= Kidnapping of Debra Puglisi =

Kidnapping victim

On April 20, 1998, 40-year-old Donald A. Flagg kidnapped and subsequently raped 49-year-old Debra Puglisi and murdered 50-year-old Anthony "Nino" Puglisi Jr. in New Castle, Delaware. Flagg held Puglisi captive for 5 days before leaving her alone to go to work, when was she was able phone police.

== Crime ==
On April 20, 1998, Donald Flagg, who was reportedly high on crack cocaine at the time, searched the neighborhood near the factory where he worked with the intention of kidnapping someone. Flagg broke into the Puglisi's residence, and after initially being startled by Anthony Puglisi entering the home, Flagg hit him, and shot and killed him at point blank range. After shooting Anthony, he waited in the kitchen for Debra to enter. He then kidnapped and raped Debra, whom he held captive for the next 5 days. When Flagg went to work on April 24, she was able loosen to the ropes he had tied around her, and phoned for police to rescue her. Flagg was charged with murder, rape, and weapons violations. He pled not guilty by reason of insanity, primarily stemming from a diagnosis of paranoid schizophrenia. The jury rejected his defense and convicted him of all charges including two counts of first degree murder.

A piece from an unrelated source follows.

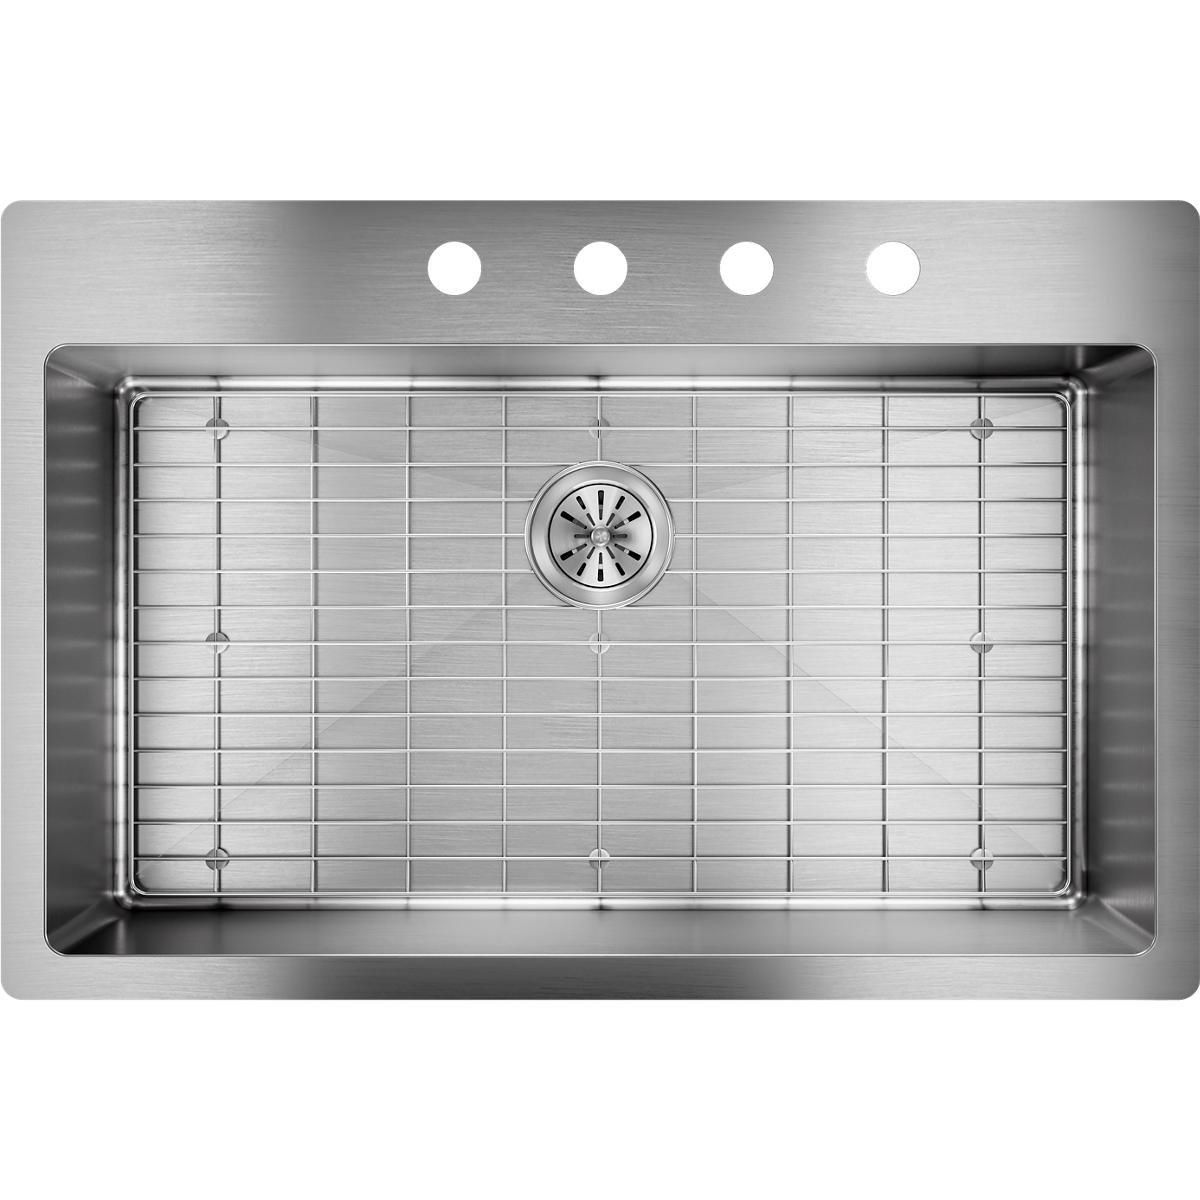 Elkay Crosstown ECTSRS33229TBG4 Single Bowl Dual Mount Stainless Steel Kitchen Sink Kit

In 2007, she was given a special courage award by the US government for her work in Delaware supporting rape victims. She later remarried to a man named Bill and took the name Debra Puglisi Sharp. In 2013, she wrote a book about surviving the kidnapping entitled “Shattered: Reclaiming a Life Torn Apart by Violence,” to help others who had been through something similar and said it was "cathartic to talk about it".